- **To do**
The whole listing that follows, pictures excepted, should be printed again exactly as given.

- **Data section**
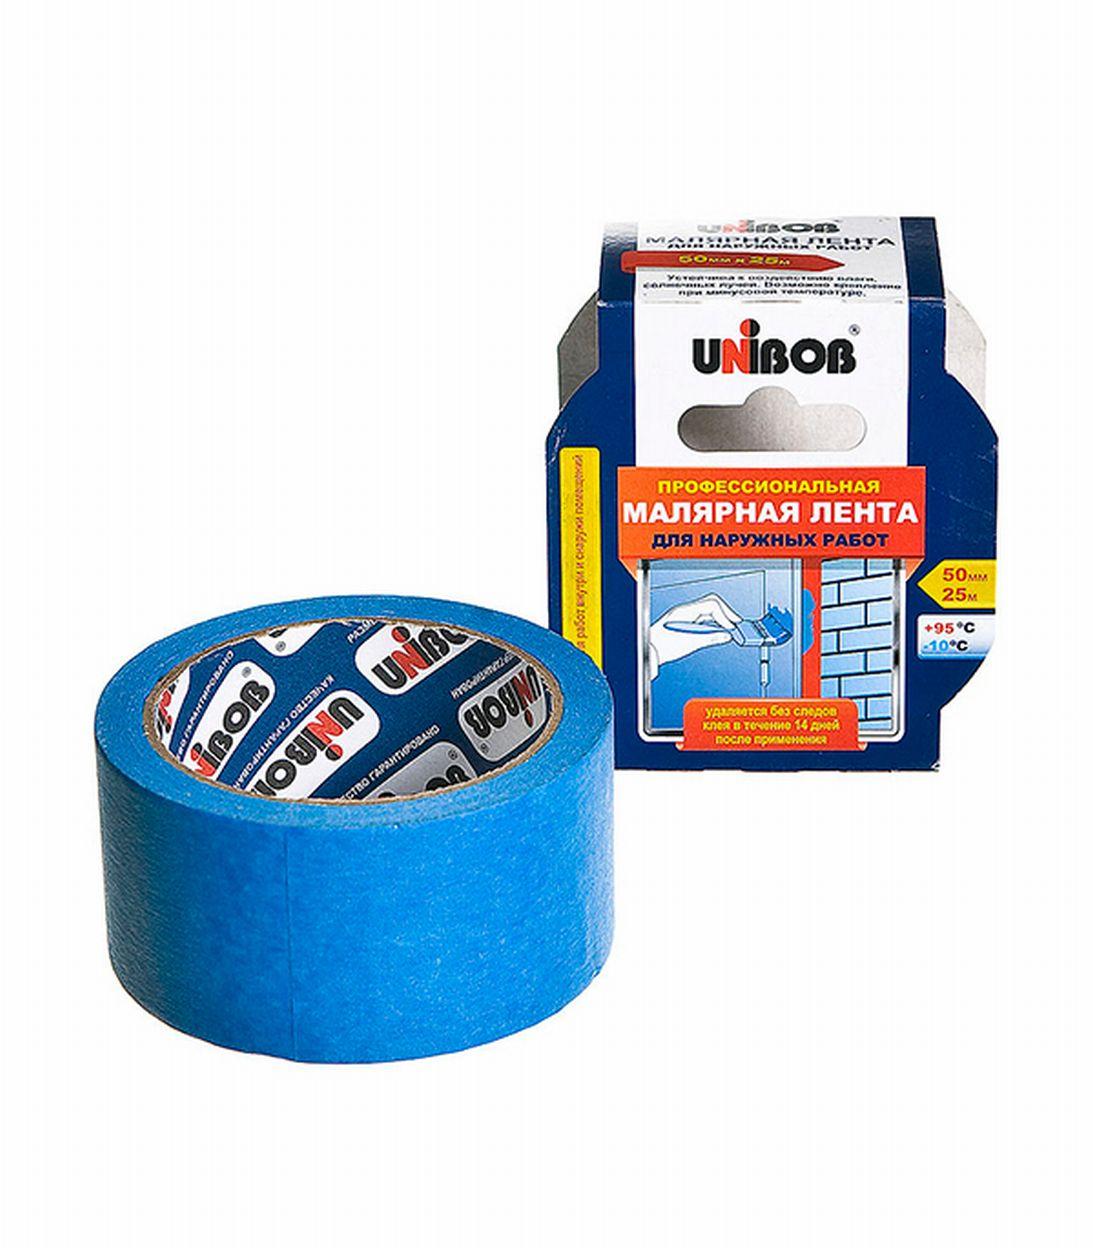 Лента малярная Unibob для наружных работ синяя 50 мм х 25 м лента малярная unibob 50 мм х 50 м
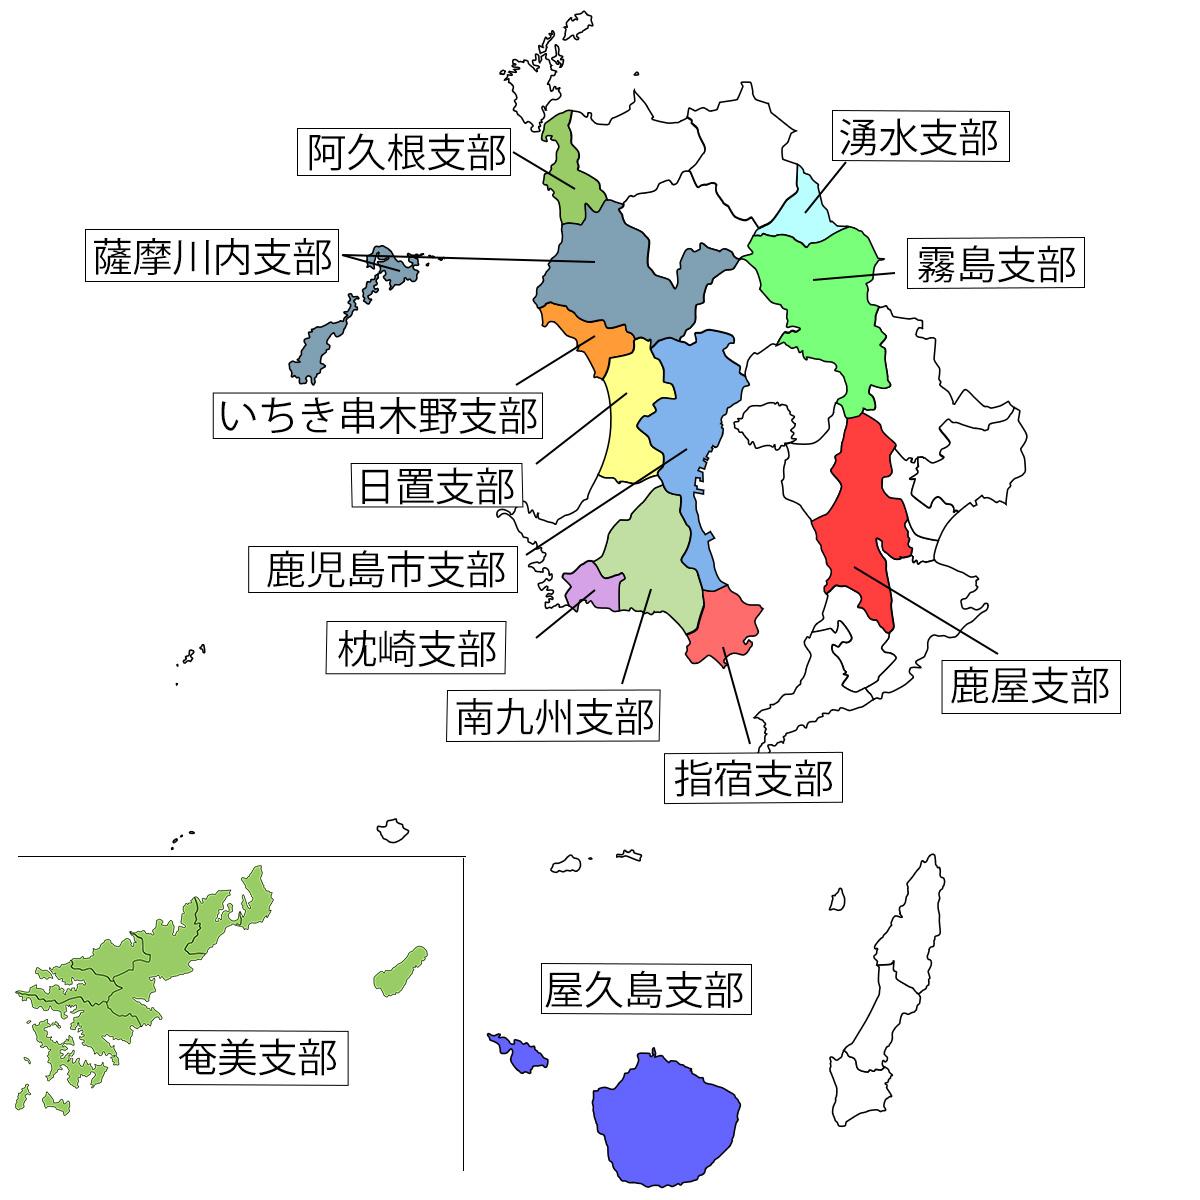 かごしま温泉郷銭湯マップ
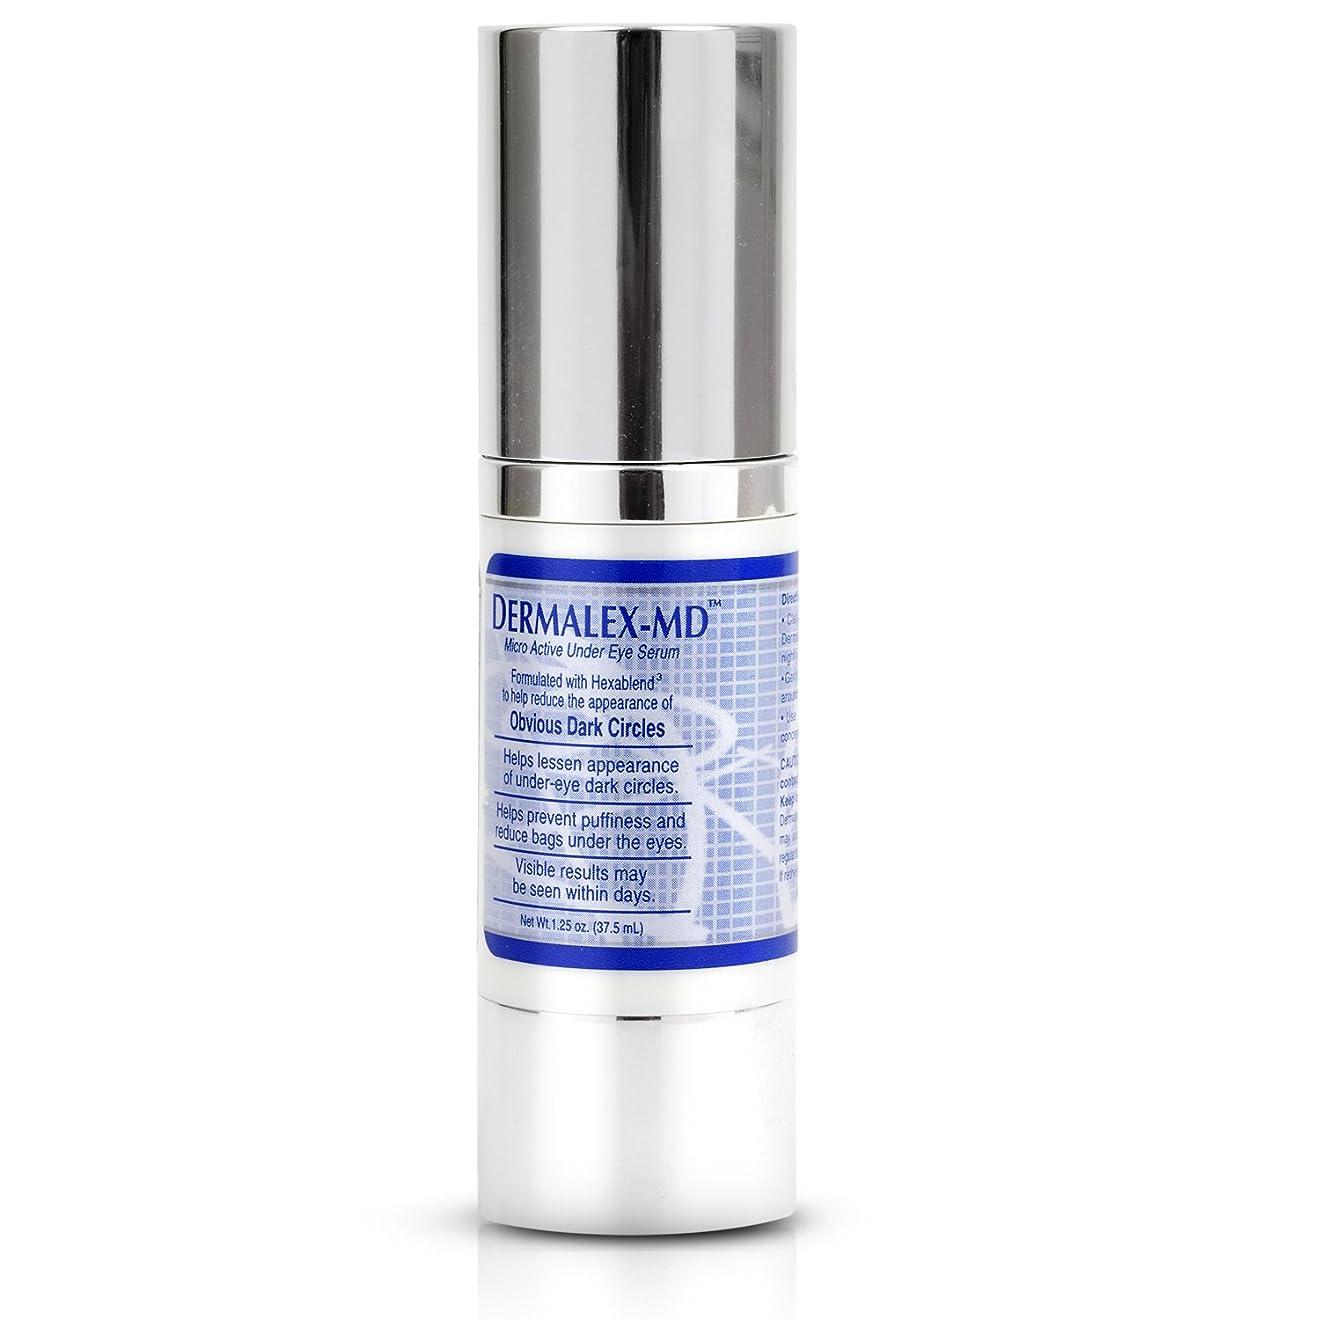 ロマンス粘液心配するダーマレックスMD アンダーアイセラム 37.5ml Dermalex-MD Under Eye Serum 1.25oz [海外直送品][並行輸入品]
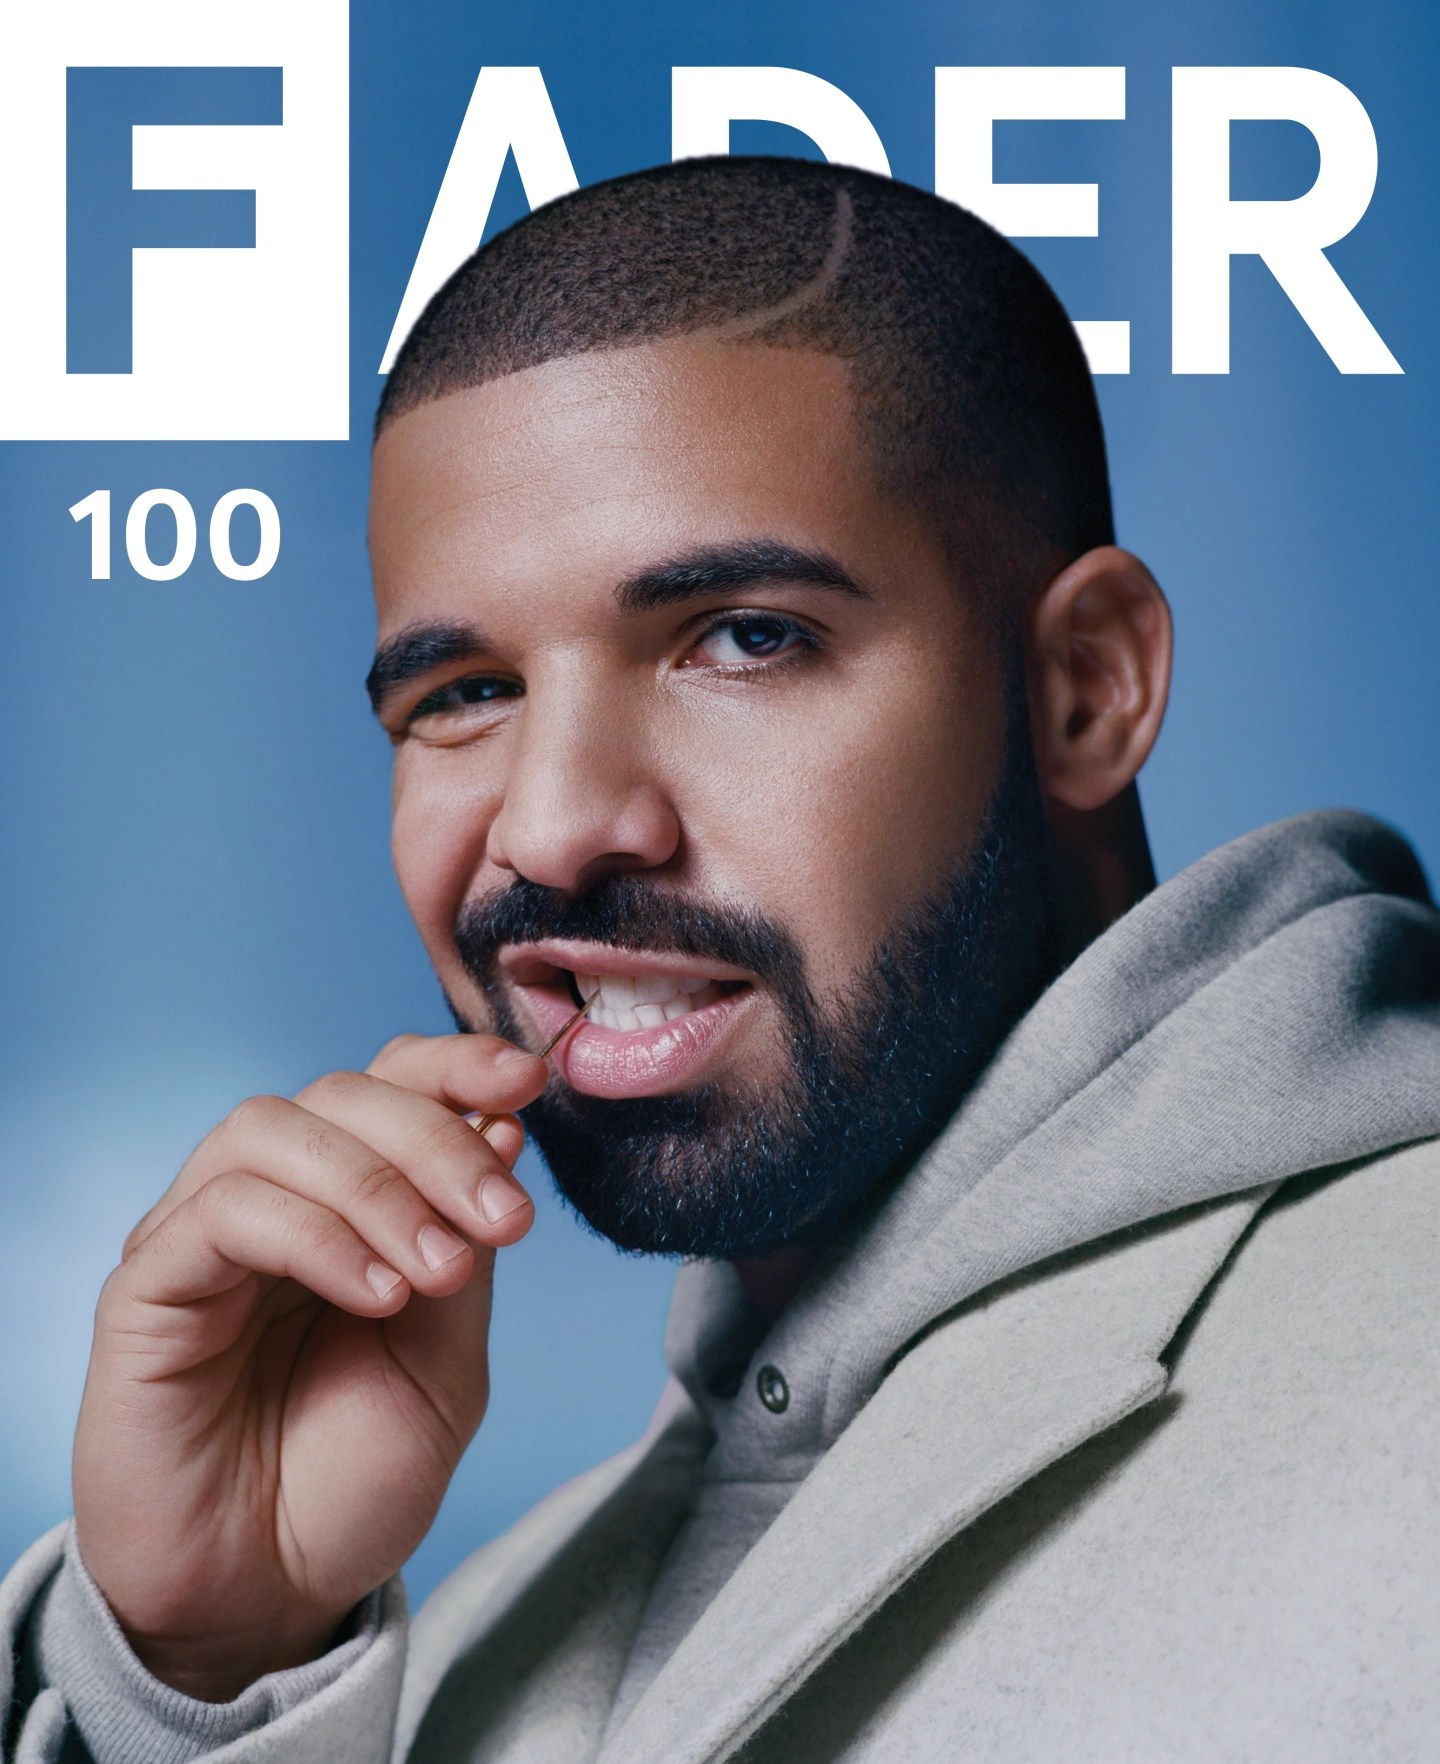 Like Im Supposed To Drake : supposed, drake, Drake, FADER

- **Worked solution**
 Лента малярная Unibob для наружных работ синяя 50 мм х 25 м лента малярная unibob 50 мм х 50 м
 かごしま温泉郷銭湯マップ
 ロマンス粘液心配するダーマレックスMD アンダーアイセラム 37.5ml Dermalex-MD Under Eye Serum 1.25oz [海外直送品][並行輸入品]
 Like Im Supposed To Drake : supposed, drake, Drake, FADER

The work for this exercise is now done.